Voting Won’t Save Abortion Rights

6 minute read
Ideas
Bracey Sherman is an abortion activist; the founder of We Testify, an organization dedicated to the leadership and representation of people who have abortions; and the co-author of the forthcoming book Countering Abortionsplaining (Amistad/Harper Collins).

In the wake of the Supreme Court’s leaked draft opinion declaring their decision to overrule Roe v. Wade and allow states to recriminalize abortion, Americans have turned to their pro-choice elected officials looking for a plan. While some local legislators have offered creative solutions to ensure abortion will remain available to as many people as possible, such as allotting funding for people traveling to their cities and states, declining to prosecute those accused of terminating a pregnancy, and promising not to extradite abortion providers to other states for prosecution, federal legislators have been far less inspiring, largely telling abortion rights supporters to vote for them in November.

That’s it. That seems to be the full plan for this constitutional crisis threatening a right established nearly 50 years ago, the right for all of us to decide if, when, and how to grow our families, one that serves as the bedrock of our right to marry whom we love and anything else that falls under our right to privacy. As a someone who had an abortion at 19 and organizes people who have abortions to share our stories, I am befuddled. The Democratic Party holds control of the House, the Senate, and the White House, it’s not like any of this came as a surprise, and yet here we are, at the proverbial cliff, being asked to wait just a little while longer. That should scare and infuriate all of us.

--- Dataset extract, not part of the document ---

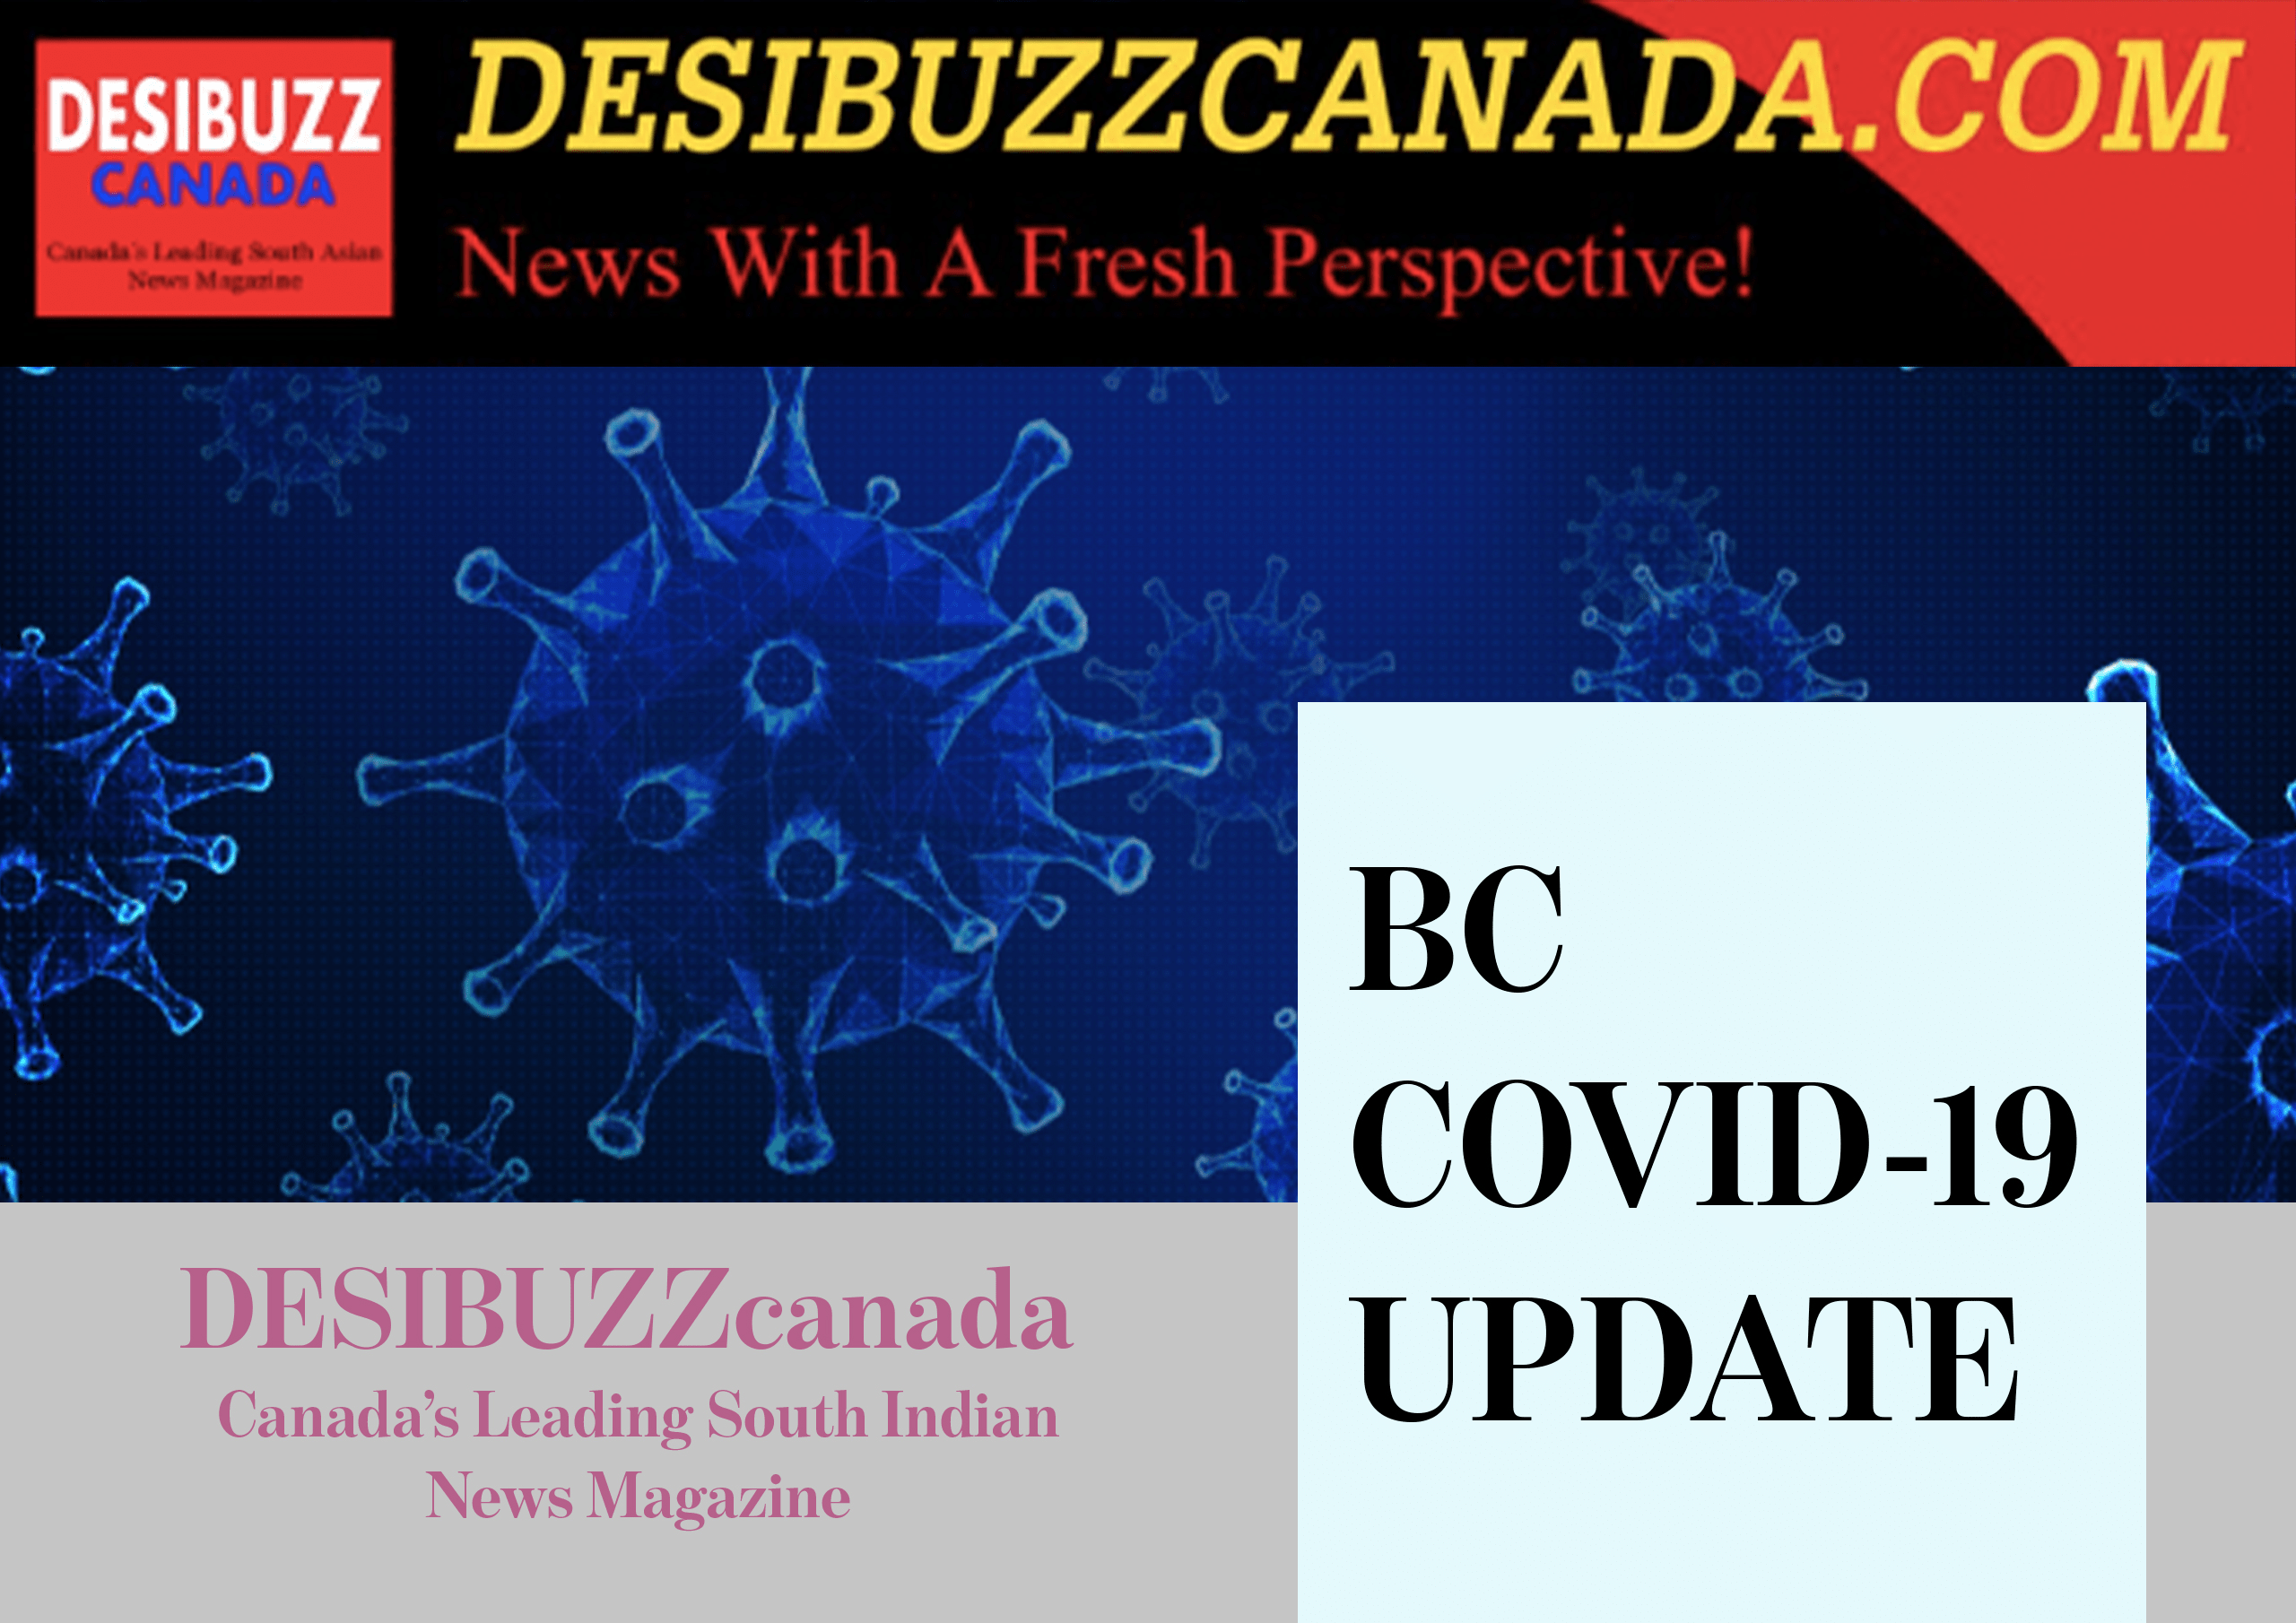 BC COVID-19 DAILY UPDATE: Weekend See Continued Decline In Cases But 12 New Deaths

Let me tell you something: the worst thing you can do to someone who needs an abortion is ask them to wait a while longer. That’s why state-mandated delays of 24, 48, and 72 hours are so cruel. Even with Roe v. Wade in place, pregnant people are being forced to travel out to state, arrange childcare and time off work, and spend money they don’t have just to get abortion care. Now, it’s likely to get worse and we’re being asked to wait another six months in hopes that Democrats will win in the midterms.

At what point will Democrats deliver on their promises?

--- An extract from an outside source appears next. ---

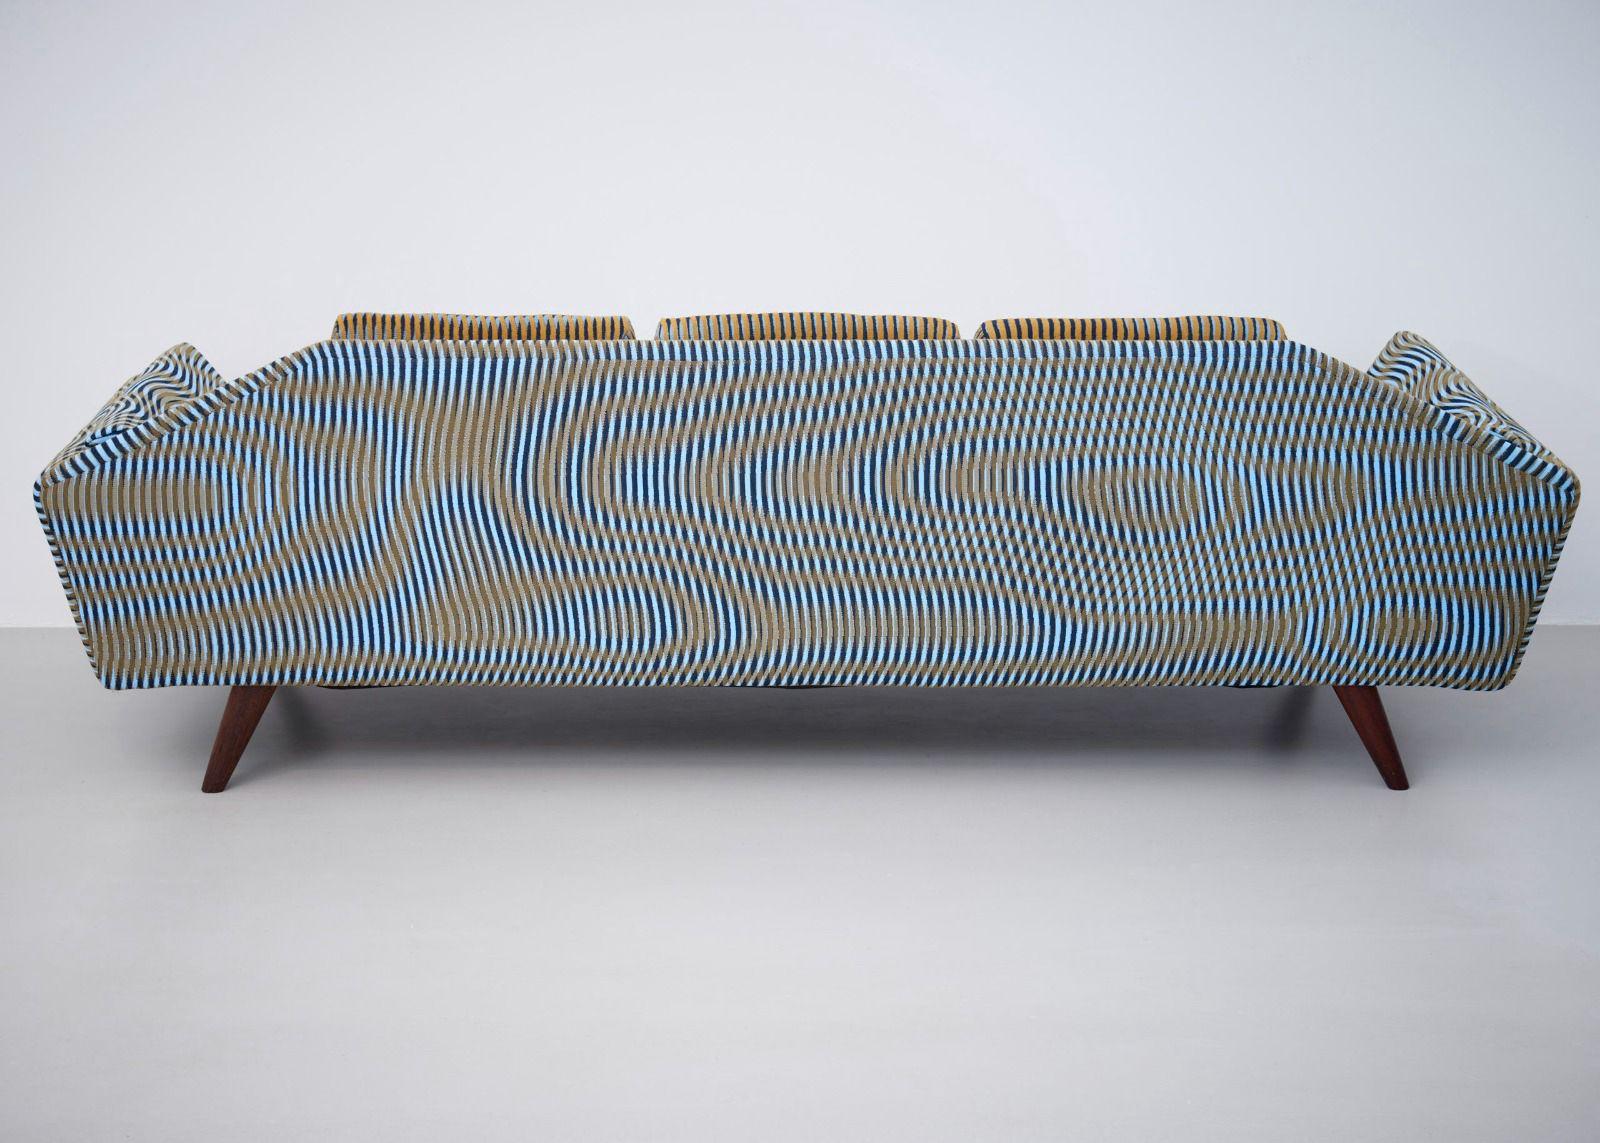 American Newly upholstered Adrian Pearsall Gondola Sofa in custom fabric by Case Studies

I understand the issue: Thanks to Democrats like Senator Kyrsten Sinema and Senator Joe Manchin, who obsess over outdated procedures like the Jim Crow filibuster rather than actually taking actions that would benefit the American people, the Women’s Health Protection Act cannot pass the Senate. But it’s always something, isn’t it?

It’s been decades of something.

In March 2010, in order to get the support of anti-abortion Democrats, President Obama signed an executive order that reaffirmed the Hyde Amendment, which blocks federal funds from being used to pay for most abortions, and said it applied to the Affordable Care Act. This action allowed states to ban abortion coverage from insurance marketplaces. The next year states also enacted a record number of abortion restrictions. Abortion activists, who had long pushed to overturn the Hyde Amendment (first passed in 1976), were told we’d have to keep waiting.

Read More: The World’s Most ‘Pro-Life’ Nations Offer a Grim Preview of America’s Future

After President Trump won, we were told that Democrats needed a “big tent” party—one inclusive of anti-abortion Democrats—in order to win back the house in 2018. Meanwhile, Democrats like Governor John Bel Edwards in Louisiana signed some of the worst anti-abortion restrictions largely without public ostracization from his fellow Democrats. Every campaign season, PACs, super PACs, and candidates warn about the potential fall of Roe, urging supporters to donate if they care about their constitutional rights. Then after they win, these elected officials don’t take much action. Even as the Supreme Court leak was making headlines, top Democrats were rallying the vote for the last anti-abortion Democrat in the House.

So when they say vote for us to protect abortion, I’m simply asking how? After we vote, then what?

In 2020, Democrats asked for our vote so they could protect our rights. I remember the slogans flying around the internet after the presidential election and the Georgia run-off declaring that Black women saved the Democratic Party and the nation, yet Black women are asking for abortion access and there’s no plan to be found. Democrats have failed again and again to protect voting rights during the first two years of the Biden Administration, so the one solution they have to offer is the one that is actively being suppressed, gerrymandered, and rigged. And there’s no plan to fix that either.

Read More: These States Are Set to Ban Abortion if Roe v. Wade Is Overturned

To be clear, I am not suggesting that anyone not vote or vote for legislators who would take away their bodily autonomy. Quite the opposite. I am asking that the people we do put in office keep their promises and deliver. I am asking, how many votes do we need to cast before we’ll see some action? At what point will abortion stop being a fundraising tactic and actually become the focus of an economic and racial justice policy agenda?

I was raised to believe that voting is one of the most important things we can do in a democracy. It was something my Black grandparents and elderly relatives couldn’t do for a long time. I love voting. Voting is critical, especially at the local level. But voting should produce change and we’re still waiting. It’s disgrace that our elected officials have no plan other than asking us to once again use a system that’s faulty at best to help them retain power when they won’t use the power they have. It’s always about the next election and not the people who need help here and now.

We already voted. Now it’s time for our federal officials to do their jobs.